Throughout the book, Myers challenges the assumption that service to others and work on the self are necessarily politicizing. While they are not necessarily politicizing, I think they often are politicizing, but the strength of this relationship is difficult to assess using political theory. I can only present an anecdotal example to sketch how the connection could work. Before graduate school, I volunteered for Amnesty International helping political asylum seekers prepare their applications. While not exactly charity, this was based on the model of providing service to individuals in need. Yet, hearing the refugees’ stories and then seeing their claims dismissed in the review process motivated me to participate in demonstrations against the proposed abolition of the constitutional right to asylum. I do not think this experience is unusual. Another more striking example was shared with me by an evangelical Christian I met in Florida. He had originally planned to engage in a straightforward act of charity – providing food to homeless people at his church – but when parishioners and neighbours protested, he came to realize that zoning ordinances restricted his ability to carry out his Christian duty. He literally could not care for the other without first attending to the world through political mobilization. Myers claims that dominant theories fail to explain the move from ethics to politics, but it is possible to provide such an account. Privileged individuals seldom have a direct experience of structural injustice. It is through encounter with those in need that they may come to recognize this injustice. Only then can it become ‘a worldly thing’ that we work together to change.
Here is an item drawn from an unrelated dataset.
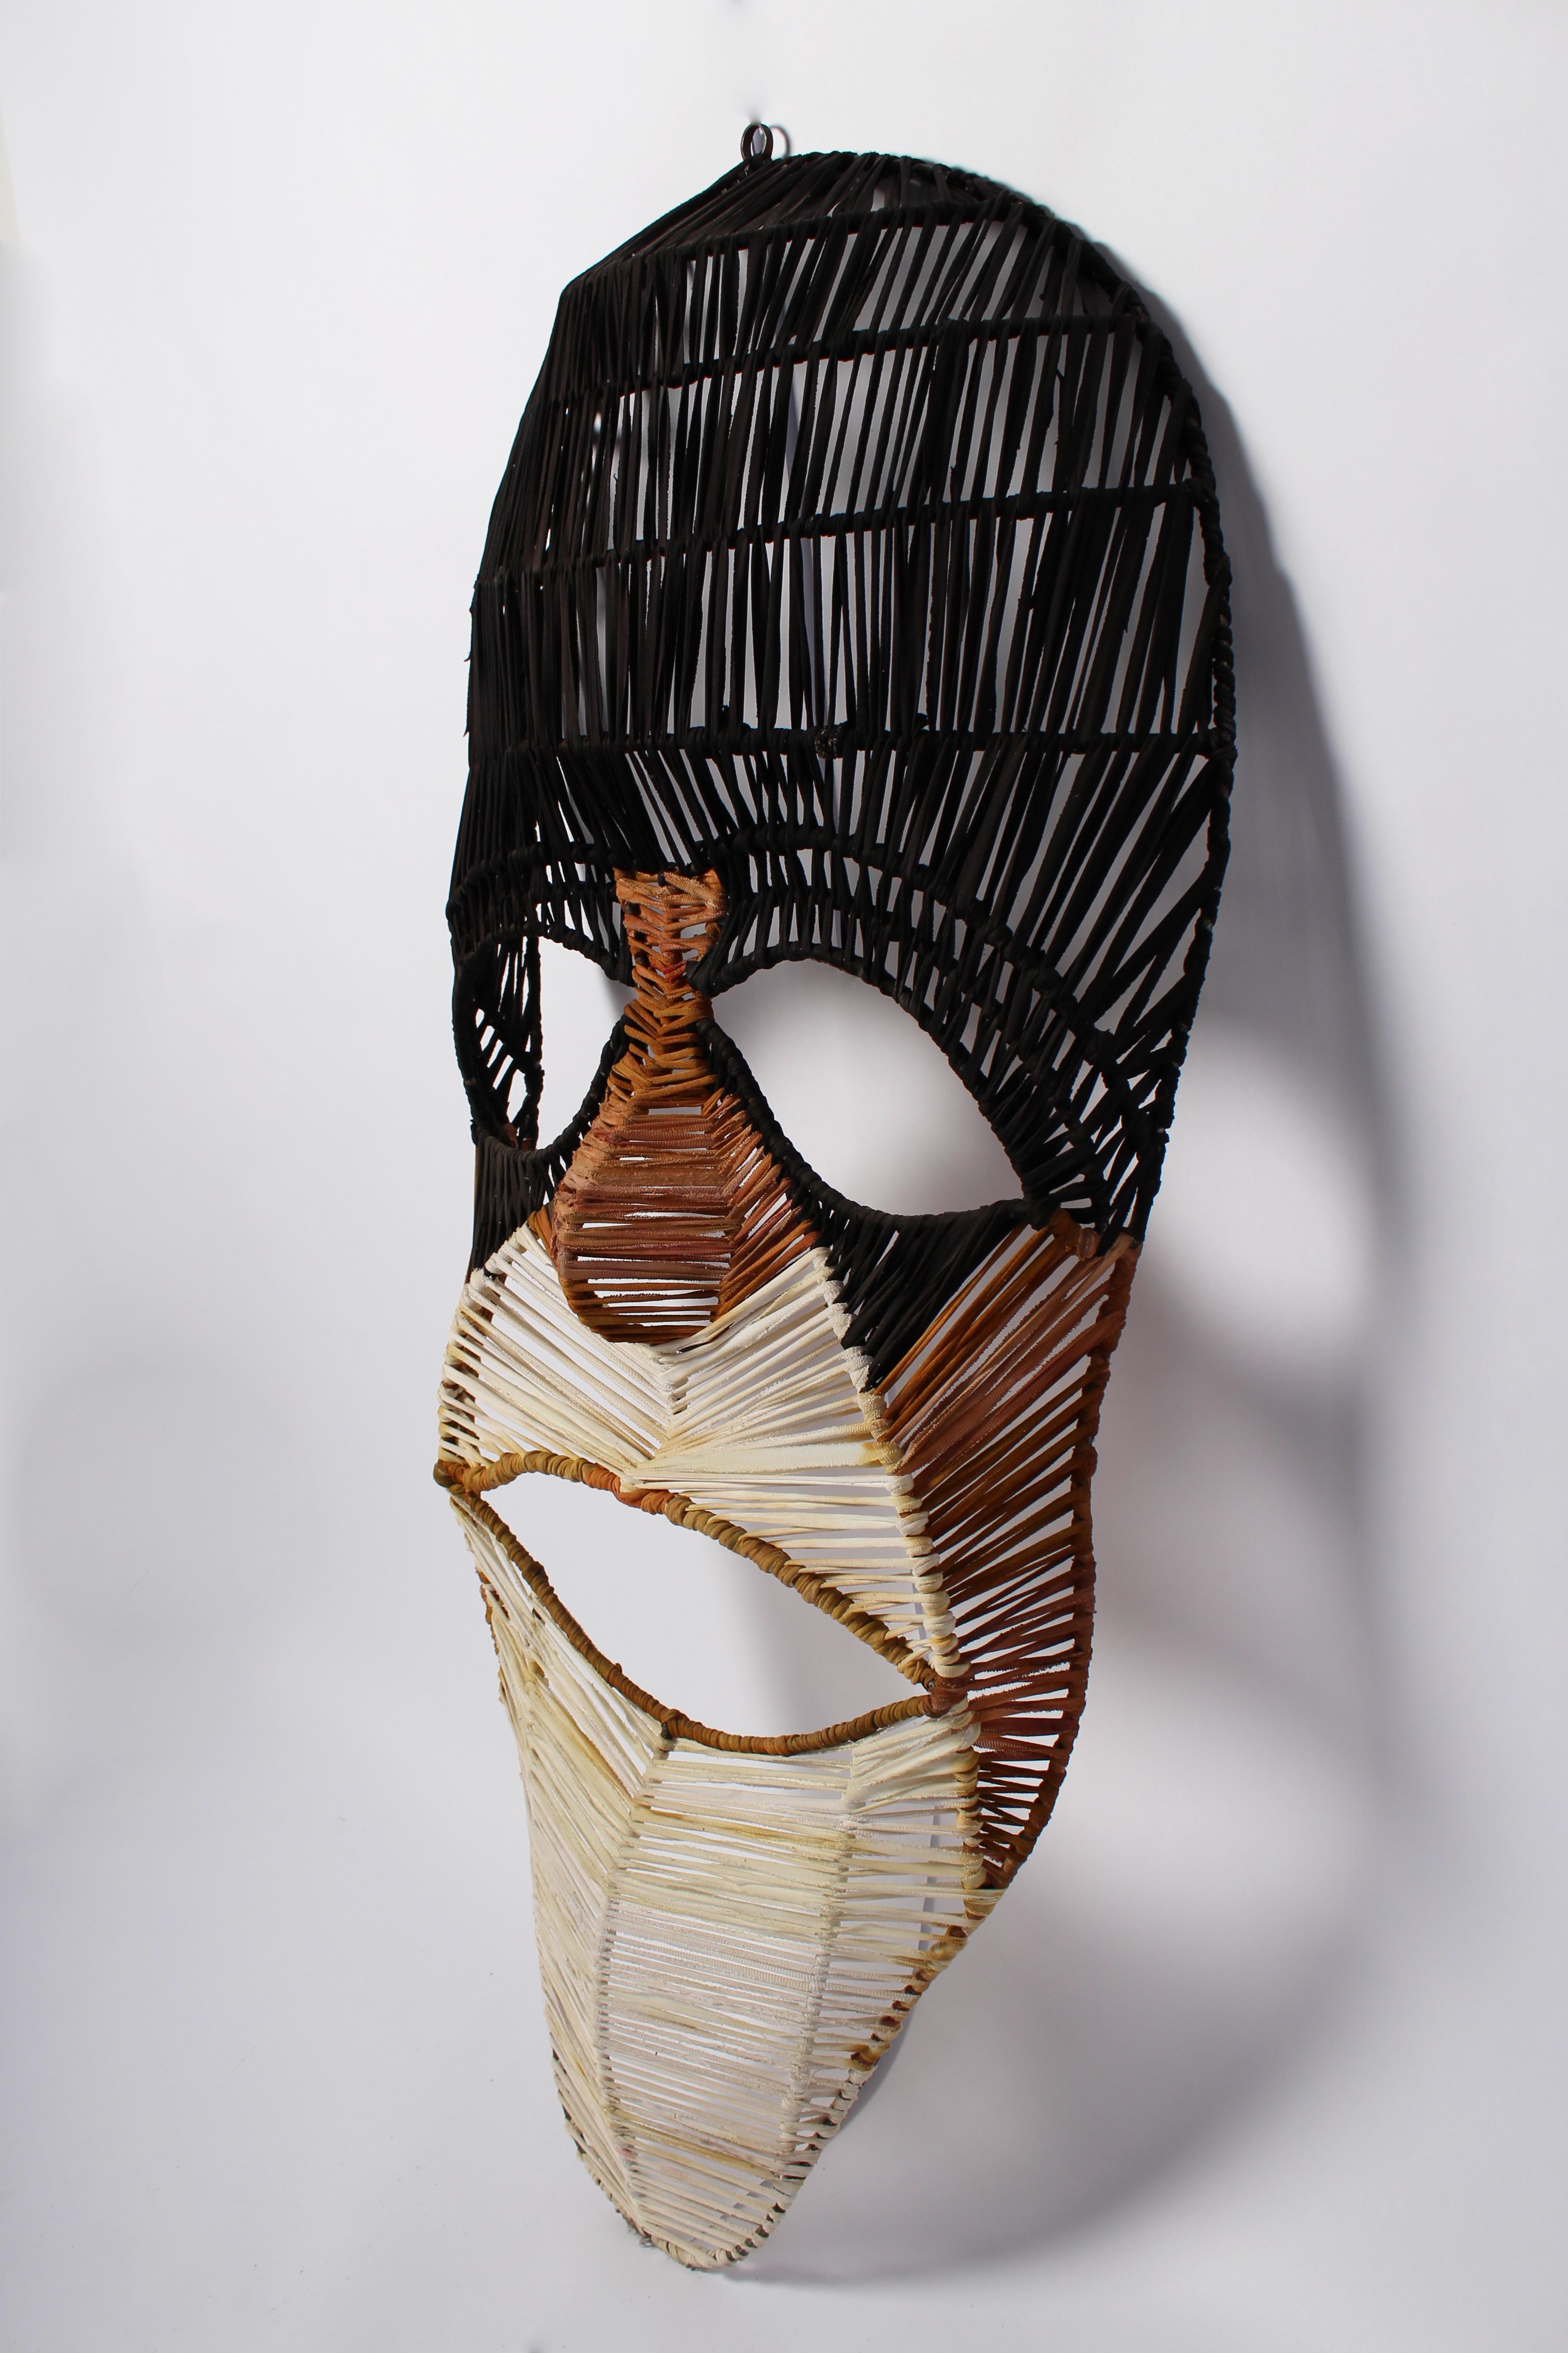 Telling my Story 1, Elisia Nghidishange, Mixed media sculpture For Sale 1

The last chapter of the book makes a somewhat surprising move, a turn from ethos to norms. Myers acknowledges that democratic association is a necessary but not sufficient condition for securing the ends that motivate her project. She introduces normative theory in order to explain what care of the world means and why we should prioritize it. The key concept is the ‘common’, and she argues that this entails commitment to fulfil basic needs and to develop human capabilities. A critic could respond that this argument is a fallacy because it derives ought from is; I mention this because Myers used the ‘is–ought’ issue as a reason to reject Butler’s attempt to derive political obligation from the fact of precarity. I myself, however, do not endorse this line of critique. If it is turtles all the way down, as the great political theorist Dr Seuss once said, then we are left with only one possibility, and that is advancing normative arguments by relating them to other normative arguments that our audience or interlocutor will endorse. Thus, when Butler writes about precarity, I do not read this as making a claim from fact but rather drawing on the normative principle that we should strive to make life less precarious, a project that fits quite well with Myers’ human capabilities approach.

Wordly Ethics examines an important topic with originality and nuance. One of the many strengths of the book is that it resists the temptation to use the concept of democracy to stand in for a disavowed normativity. By disarticulating democratic institutions from democratic ethos and norms, we can see how they fit together and how they sometimes come apart.